Information provided.
☆ ☆ ☆ ☆

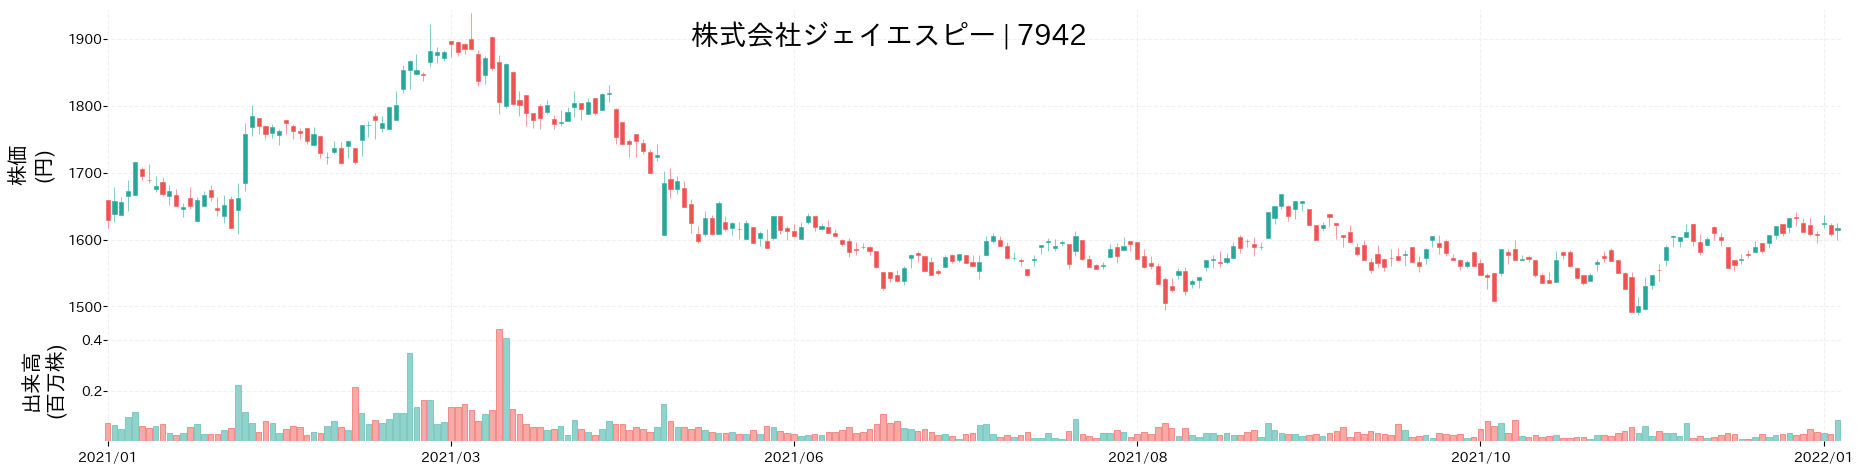 ジェイエスピーの株価推移(2021)
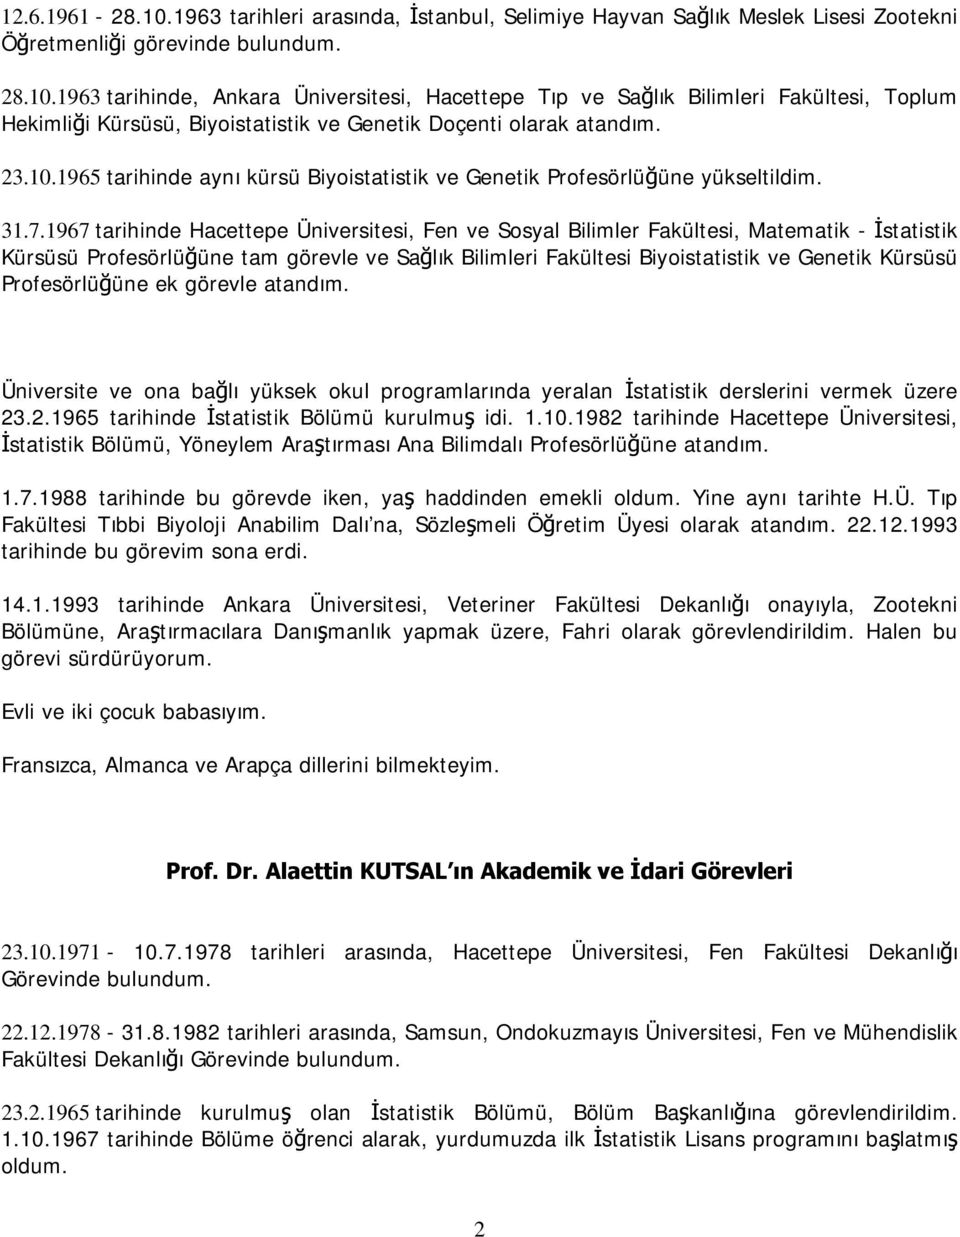 1967 tarihinde Hacettepe Üniversitesi, Fen ve Sosyal Bilimler Fakültesi, Matematik - İstatistik Kürsüsü Profesörlüğüne tam görevle ve Sağlık Bilimleri Fakültesi Biyoistatistik ve Genetik Kürsüsü
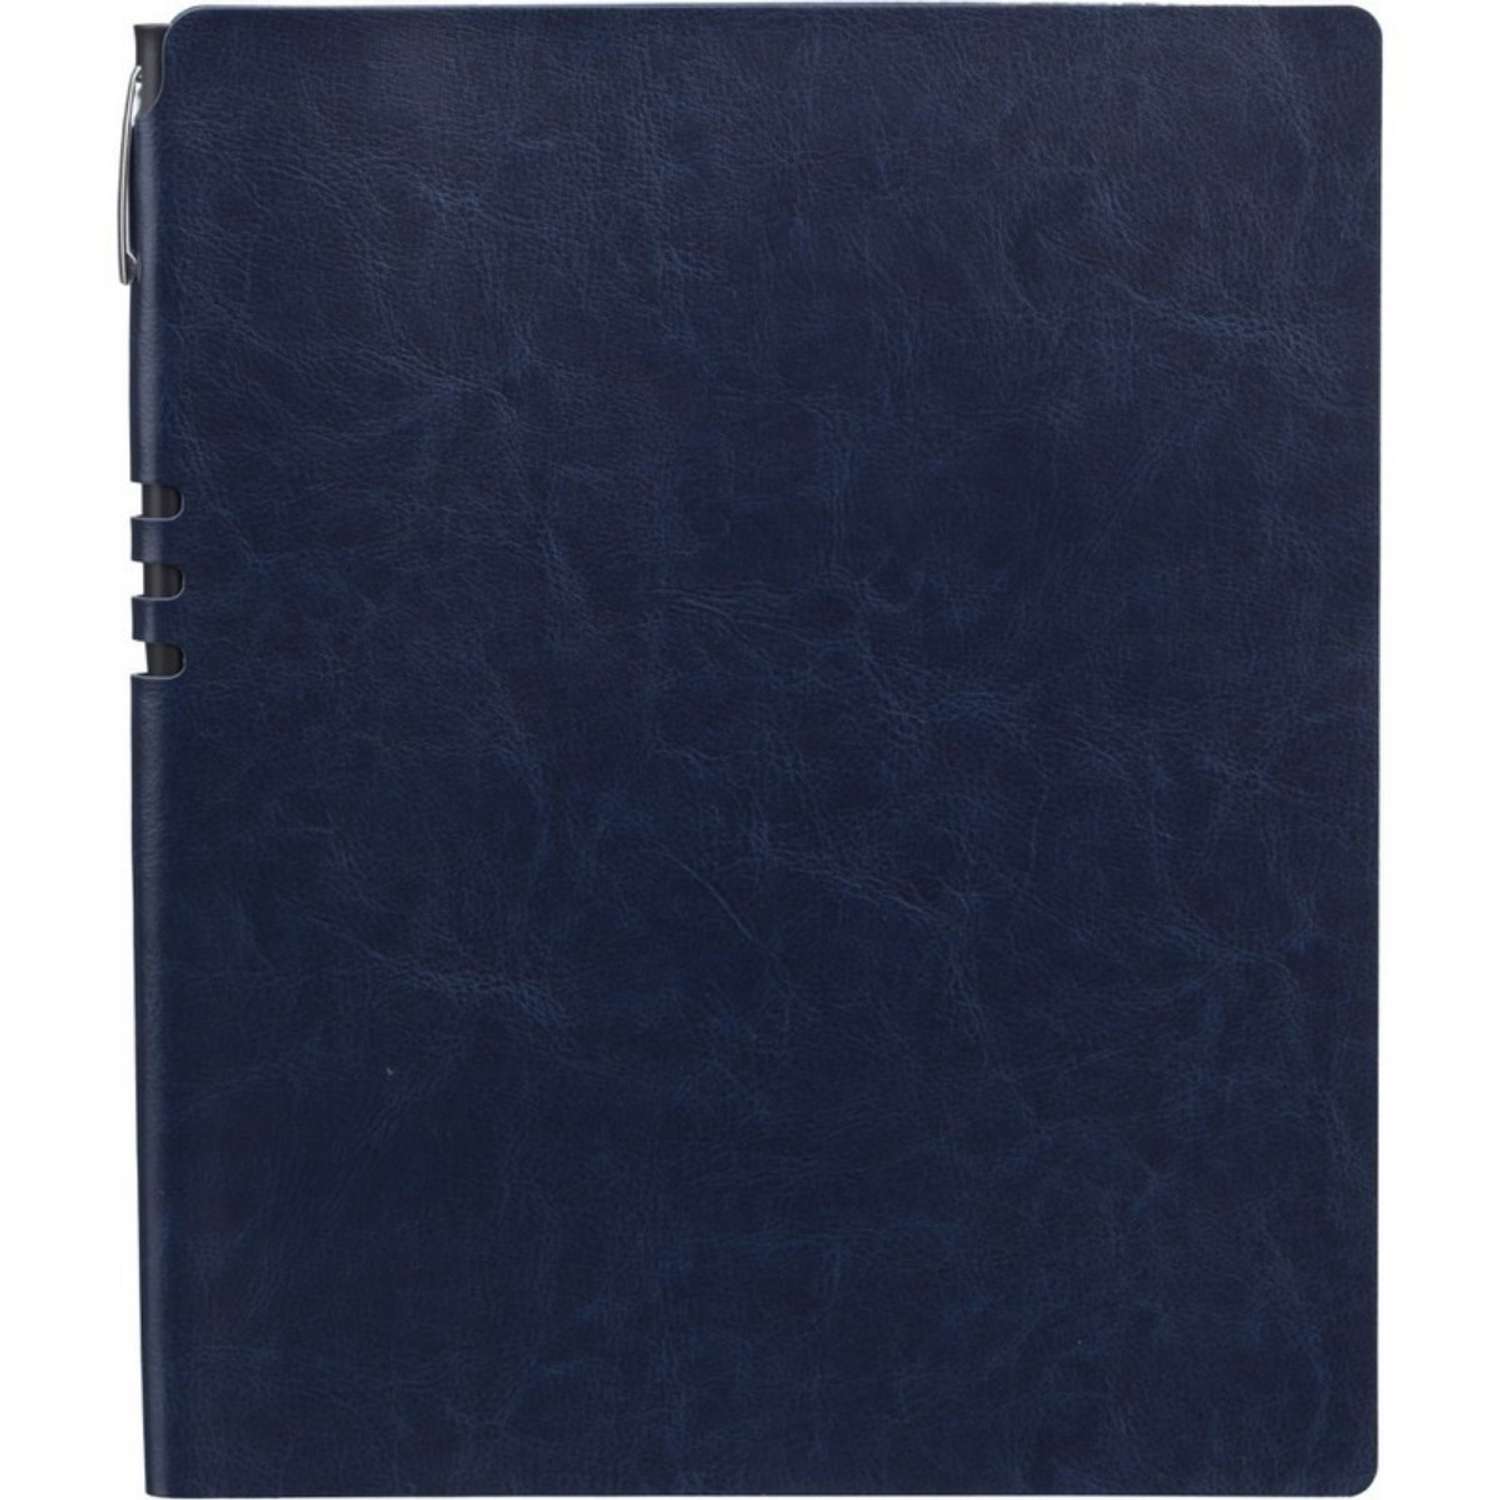 Бизнес-тетрадь Attache Light Book А4 96 листов клетка цветной срез кожзаменитель темно-синий - фото 1

☆ ☆ ☆ ☆

Try it. From the line that contains "1967 tarihinde Hacettepe" to the last line of the data, print each line exactly, both ends included, and omit the pictures.

Task response.
 1967 tarihinde Hacettepe Üniversitesi, Fen ve Sosyal Bilimler Fakültesi, Matematik - İstatistik Kürsüsü Profesörlüğüne tam görevle ve Sağlık Bilimleri Fakültesi Biyoistatistik ve Genetik Kürsüsü
 Бизнес-тетрадь Attache Light Book А4 96 листов клетка цветной срез кожзаменитель темно-синий - фото 1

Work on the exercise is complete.